Data segment>
= = =

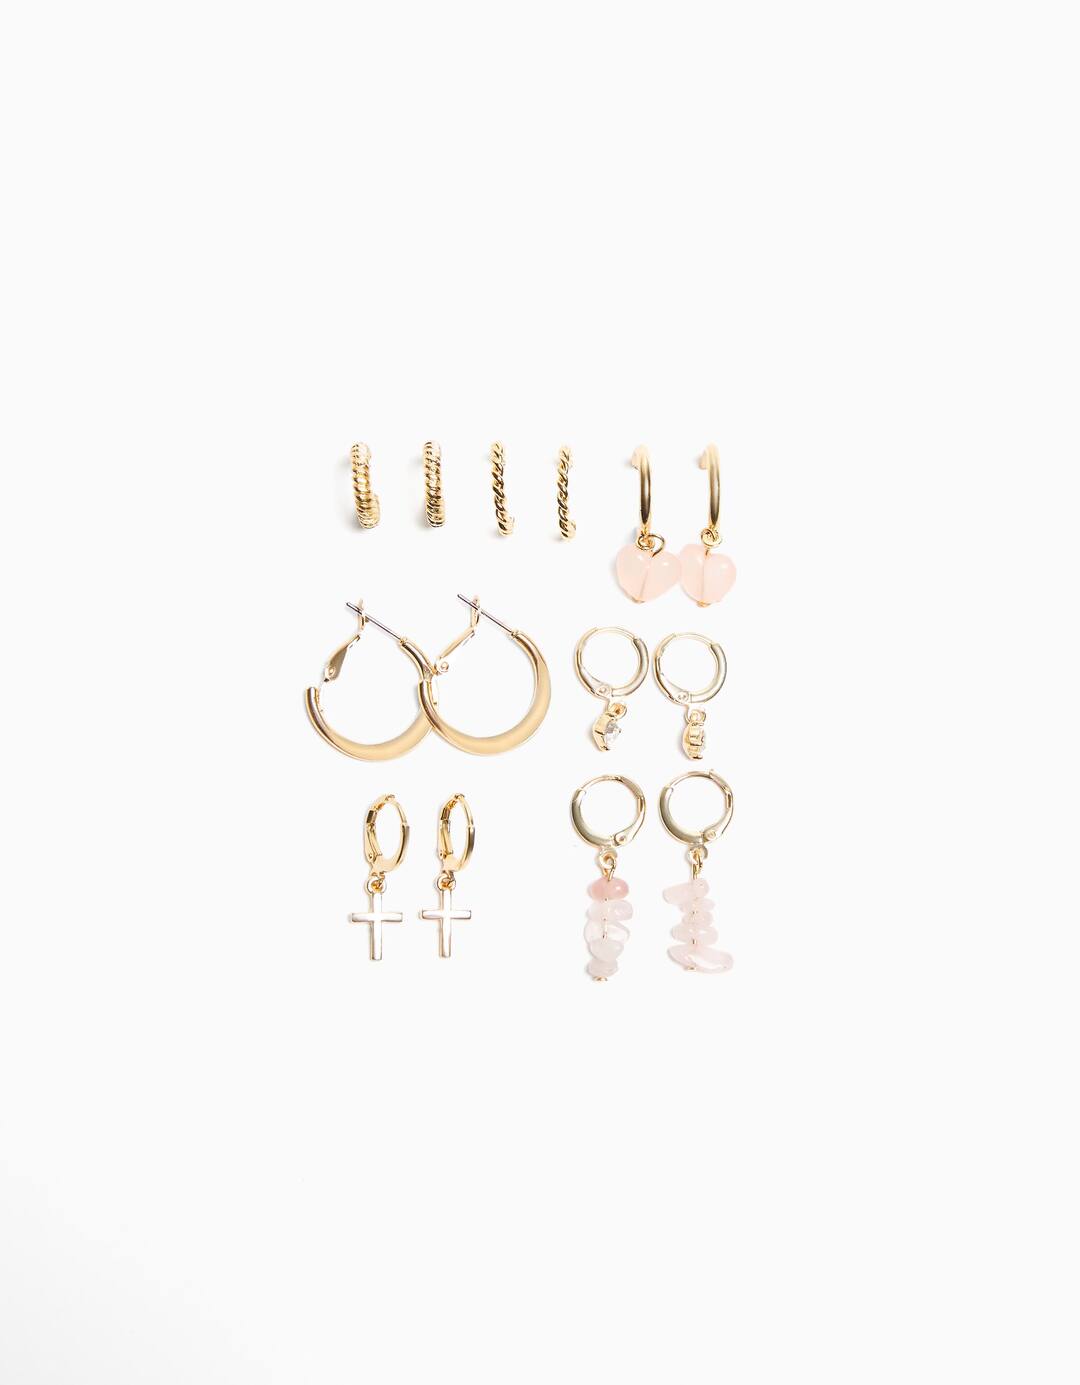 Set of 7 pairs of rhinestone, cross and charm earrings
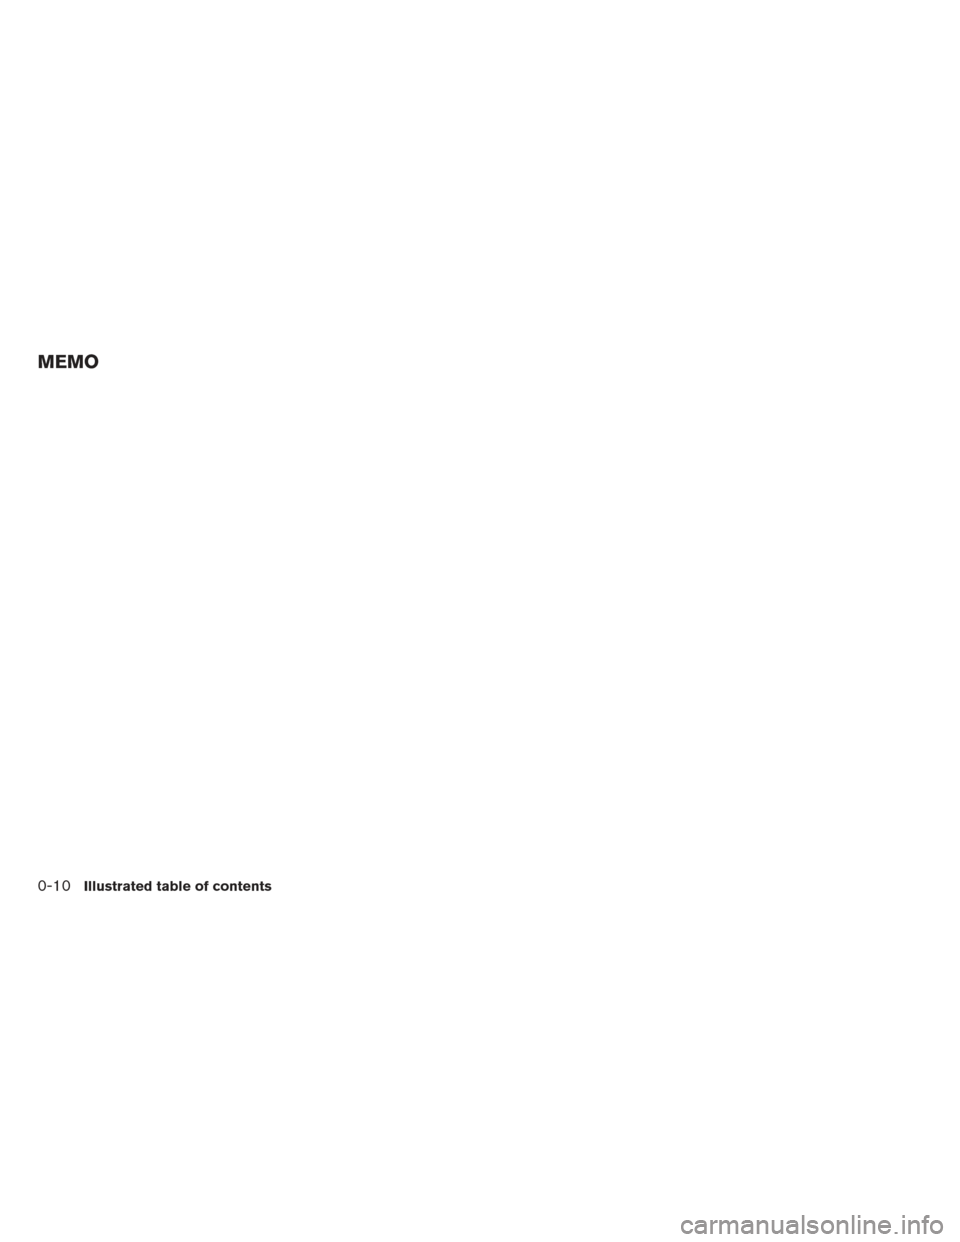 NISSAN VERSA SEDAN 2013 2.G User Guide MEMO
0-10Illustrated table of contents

= = =

What to work on> Print the material above exactly, skipping its images.

Completed task>
 Set of 7 pairs of rhinestone, cross and charm earrings
 NISSAN VERSA SEDAN 2013 2.G User Guide MEMO
0-10Illustrated table of contents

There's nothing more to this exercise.